Wednesday 27 / November / 2024
Muscat: In preparation for entering a new expanded phase of newborn screening for metabolic disorders and premarital screening for certain hereditary blood disorders and infectious diseases, Dr. Said Harib Al Lamki, Undersecretary of the Ministry of Health (MOH) for Health Affairs, chaired a meeting on Wednesday with the team responsible for monitoring the implementation of this initiative.
The national initiative, which will be implemented by the Ministry of Health in January 2025, reflects the Sultanate of Oman’s commitment to raising healthier and more resilient generations.
During the meeting, Al Lamki affirmed that the expansion of services for the target groups aims to assist community members, particularly those planning to marry, in forming healthy and stable families and raising healthy children.
He underscored the importance of promoting awareness among the target groups, ensuring that both couples fully understand and are convinced that marriage should only proceed after undergoing medical tests, being fully informed of the results, and providing proof of having completed these tests.
He also highlighted that the newborn screening service will make a significant difference in the future of families, allowing for early treatment or interventions if the test results reveal any genetic disorders.
The undersecretary pointed out that this initiative, expected to be officially launched in January 2025, offers a package of tests targeting individuals planning to marry.
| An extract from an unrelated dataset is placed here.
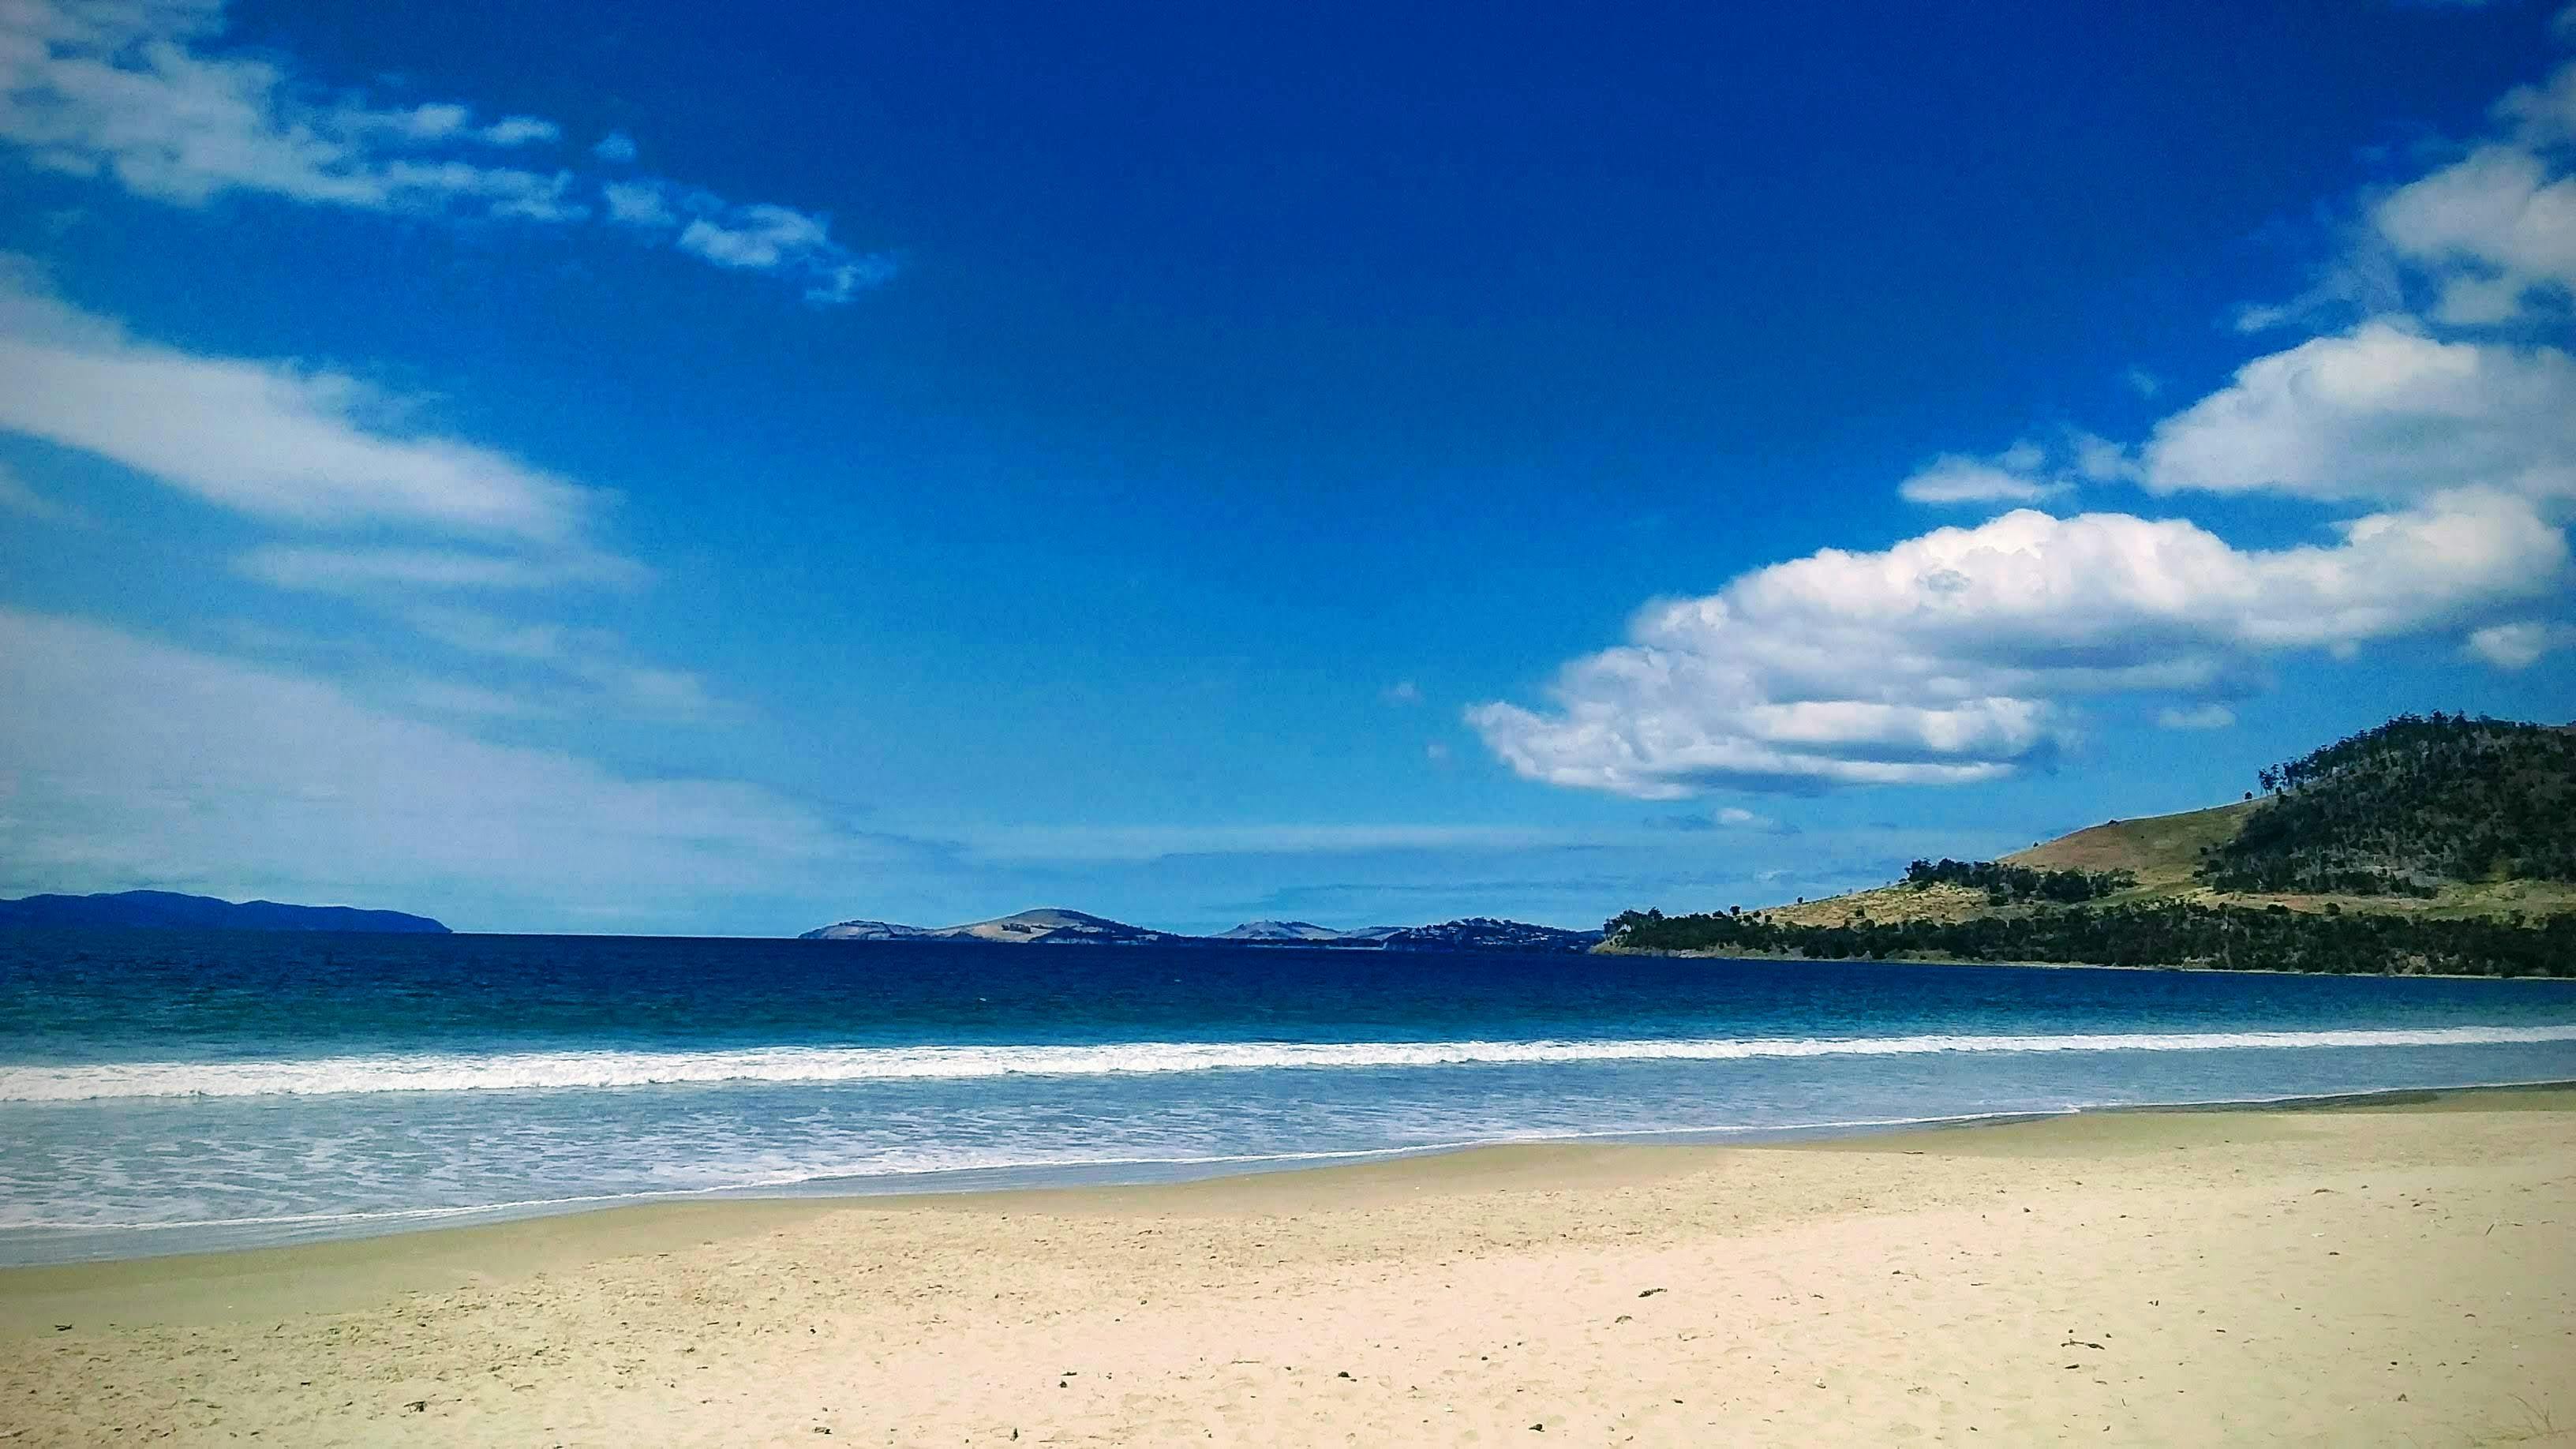 Tasmania's Seven Mile Beach near Hobart

These tests aim to determine whether either partner is affected by or carries certain hereditary or infectious blood disorders. The initiative provides couples with options and alternatives, enabling them to make informed and appropriate decisions.
Regarding the importance of this screening, Al Lamki stated that it helps prevent children from suffering from hereditary diseases and reduces the transmission of certain hereditary and infectious blood disorders. This contributes to minimising many psychological, social, and economic challenges faced by families with children affected by such conditions.
The national programme for early newborn screening also aims to detect any genetic disorders that may cause serious complications. The programme focuses on conducting newborn screenings as early as possible to prevent disease-related complications and to reduce rates of morbidity, disability, and mortality resulting from genetic disorders.